The people whose stories are in shared in this collection come from different countries and historical periods: the Holocaust in Europe, Cambodia, Bosnia-Herzegovina, and Rwanda. We invite you to read and listen to these stories with empathy and connect with the hero within yourself.

Bosnia and Herzegovina, 1992-1995

» More than 2 million refugees and displaced persons

» 200,000 dead

» 20,000 raped women and girls.

Cambodia, 1975-1979

» During the genocide in Cambodia, approximately 1.7 million people were murdered by the Pol Pot regime (21% of the country’s population)

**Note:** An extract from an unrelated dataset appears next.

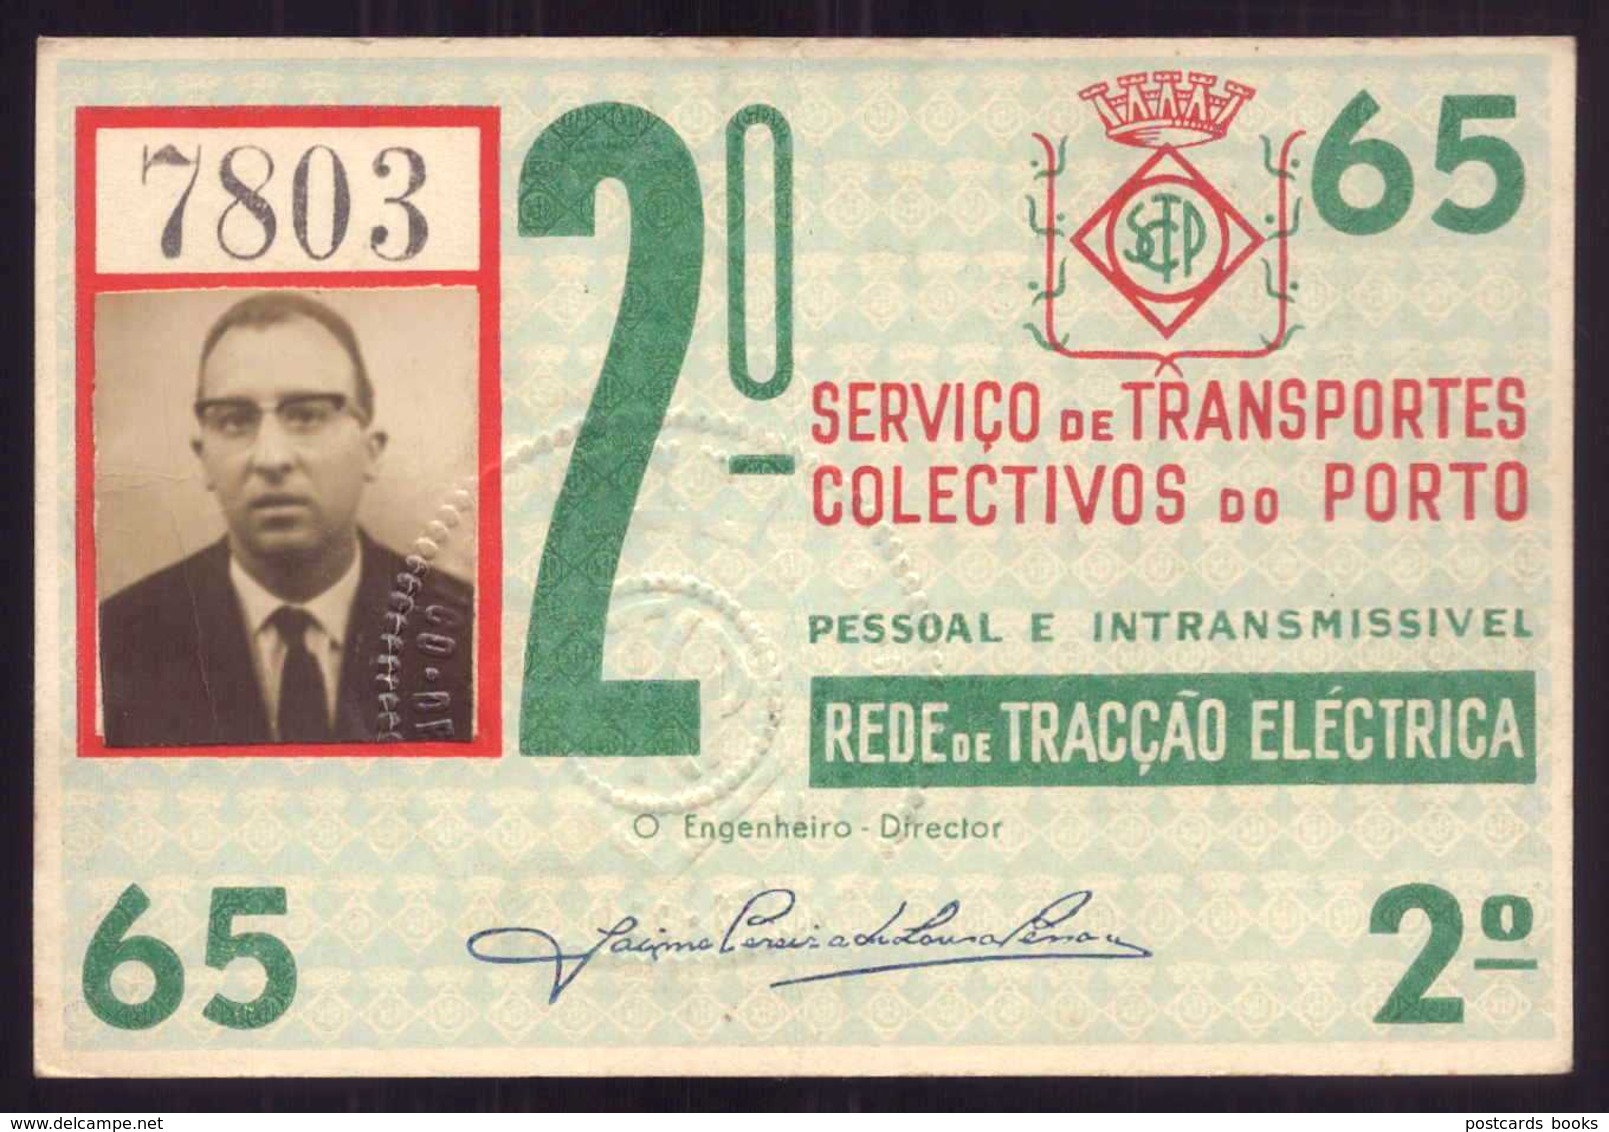 1965 Passe STCP Serviço De Transportes Colectivos Do PORTO Rede Tracção Electrica. Pass Ticket TRAM Portugal 1965 - Europe

» 158 prisons were run by Pol Pot’s Khmer Rouge regime

» 309 mass-grave sites with an estimated total of 19,000 grave pits.

The Holocaust, 1939-1945

The Nazi regime murdered:

» 6 million Jews

» at least 200,000 Roma.

Rwanda, April – July 1994

» 800,000 people, mostly ethnic Tutsis and moderate Hutus, were killed in a hundred days, primarily with machetes;

» 2 million Hutus fled the country for fear of retaliation. The majority continues to live in Burundi, Tanzania, Uganda and DRC.

» 50,000 Rwandan refugees are still living in various states of Africa.